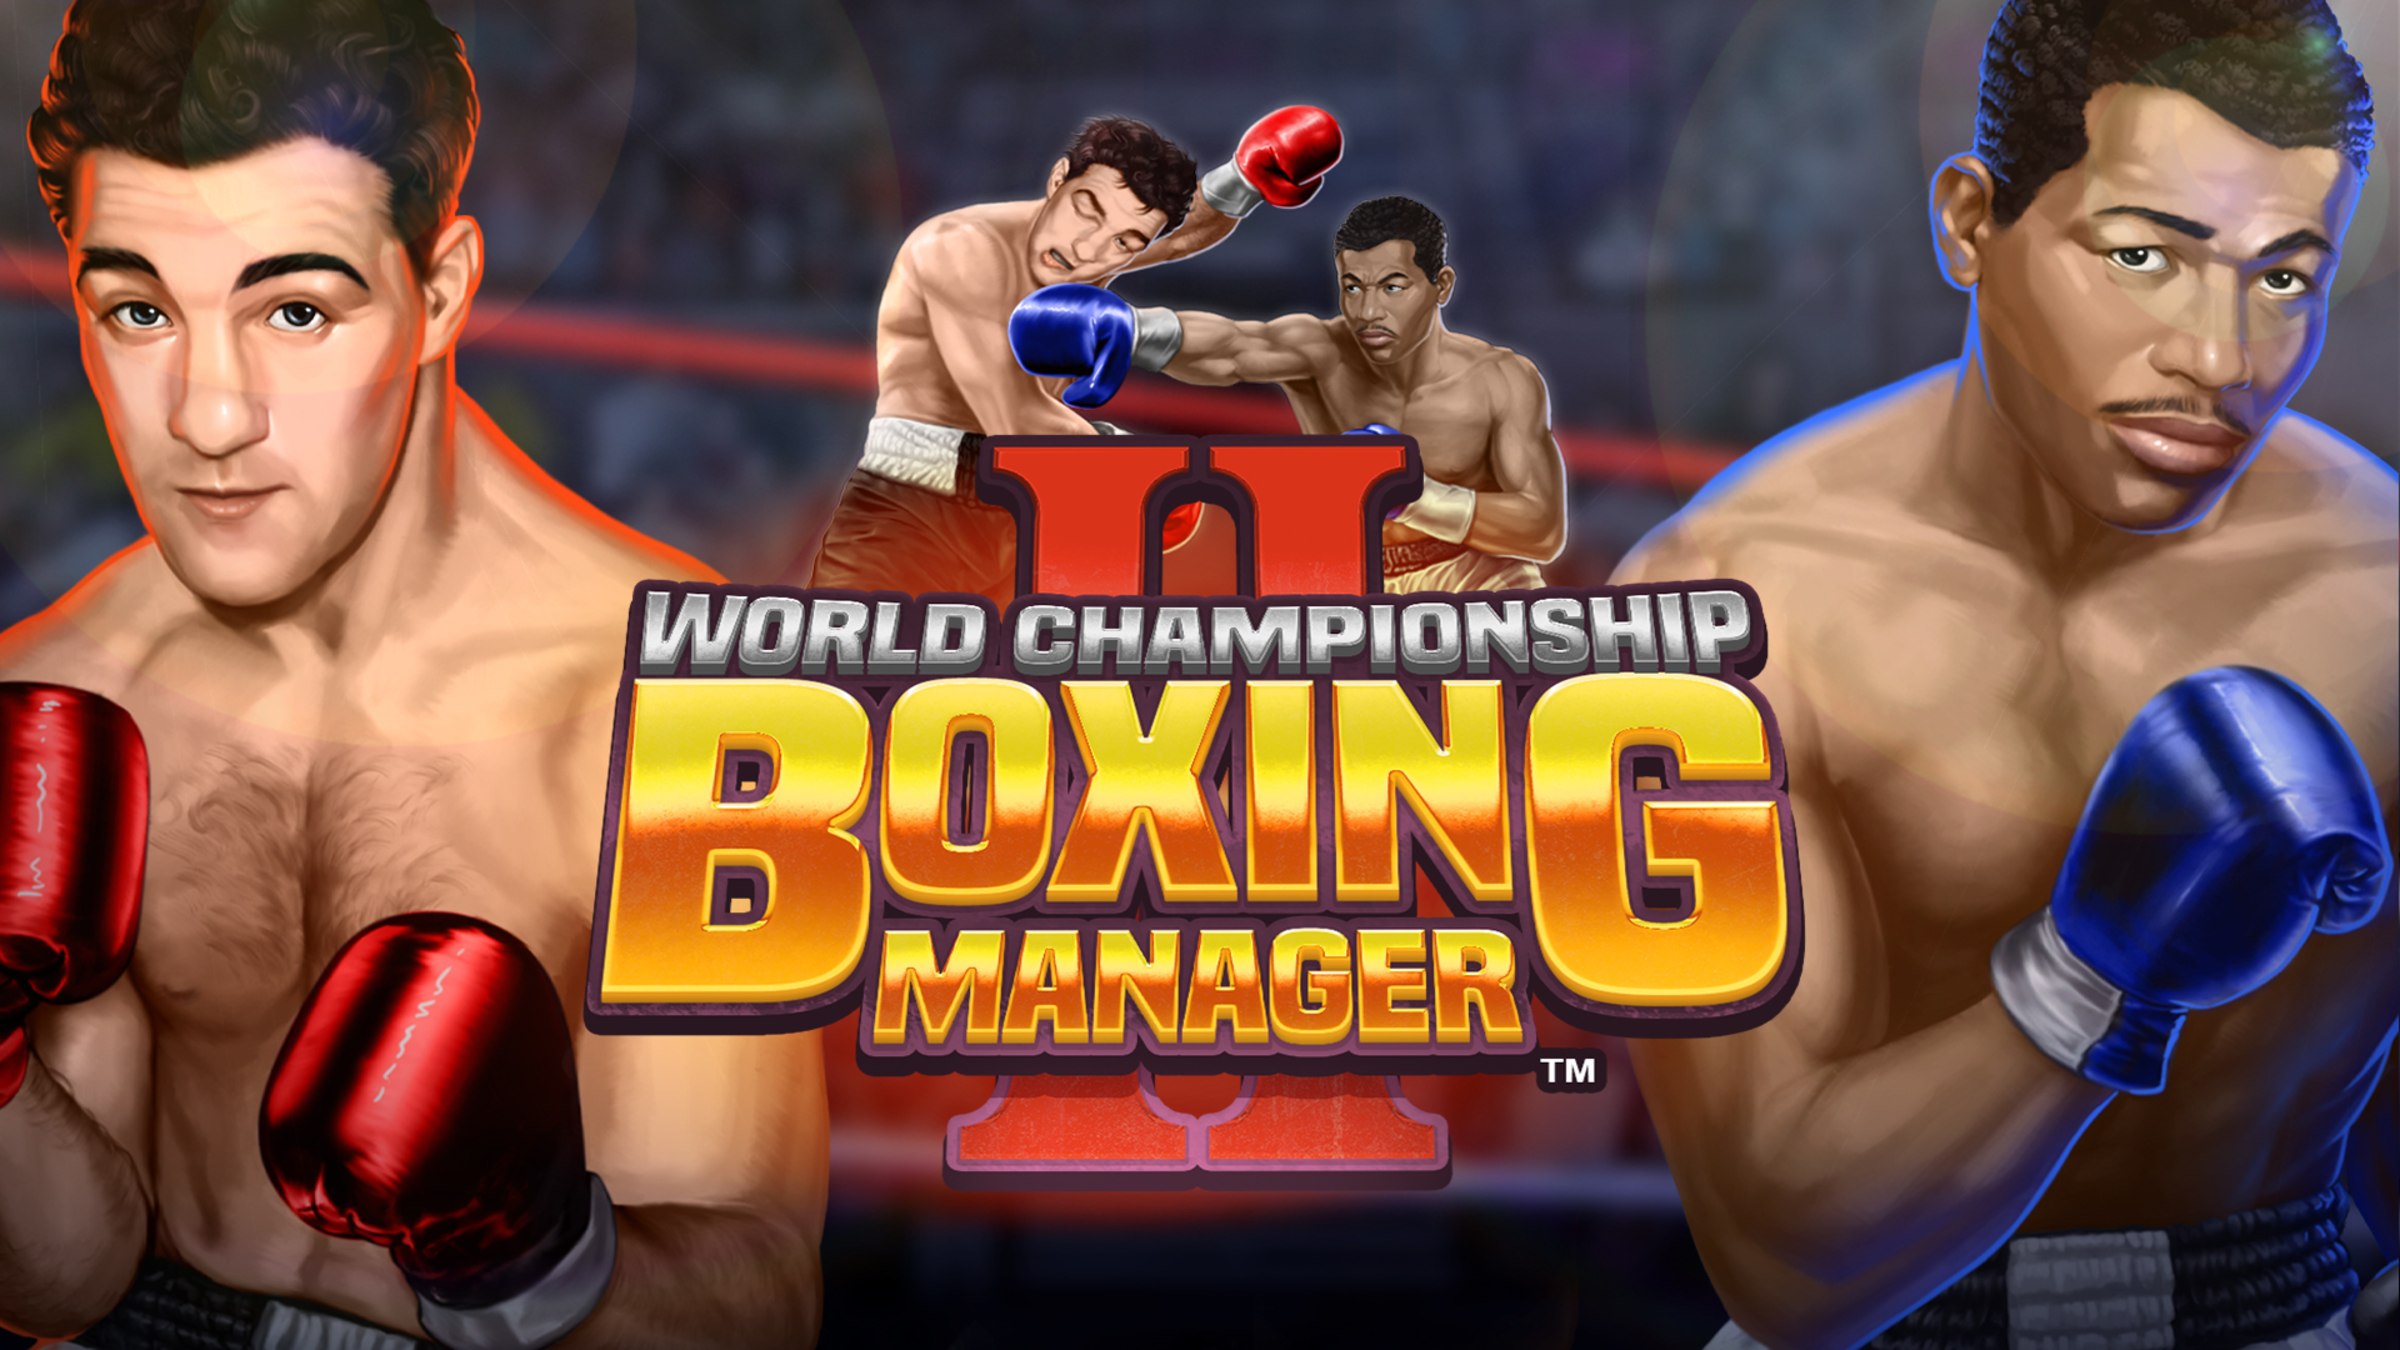 World Championship Boxing Manager 2 - Official Console Launch Trailer 
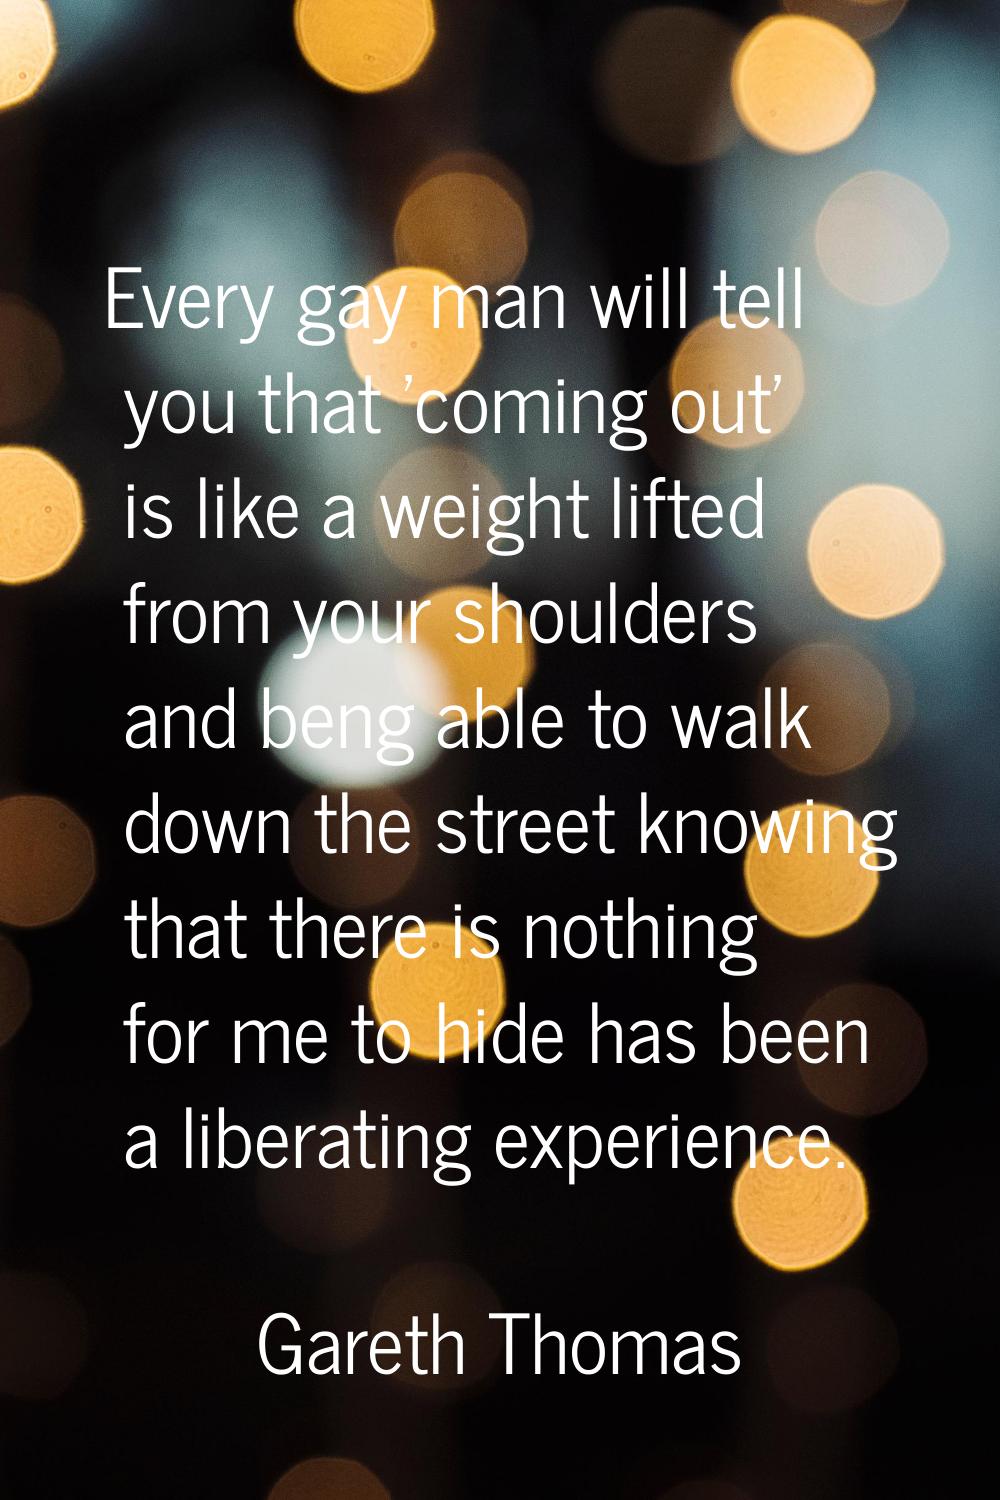 Every gay man will tell you that 'coming out' is like a weight lifted from your shoulders and beng 
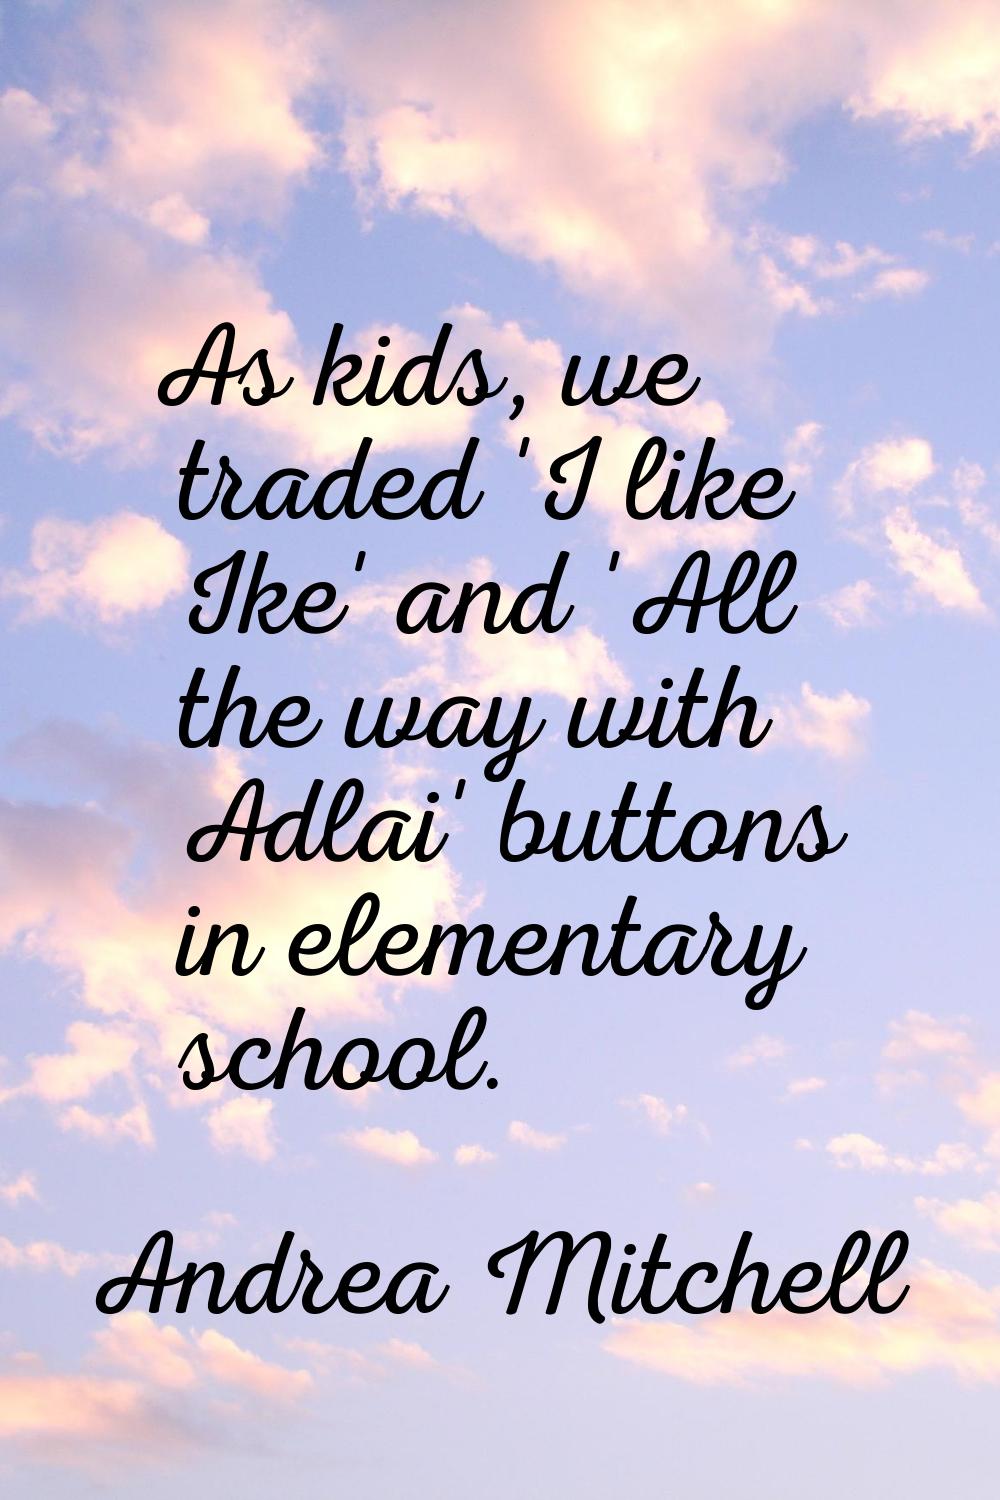 As kids, we traded 'I like Ike' and 'All the way with Adlai' buttons in elementary school.

> YOUR OBJECTIVE:
Would you reproduce the lines above exactly, without carrying over the pictures?

> RESULT FOR THIS EXERCISE:
 World Championship Boxing Manager 2 - Official Console Launch Trailer 
 Every gay man will tell you that 'coming out' is like a weight lifted from your shoulders and beng 
 As kids, we traded 'I like Ike' and 'All the way with Adlai' buttons in elementary school.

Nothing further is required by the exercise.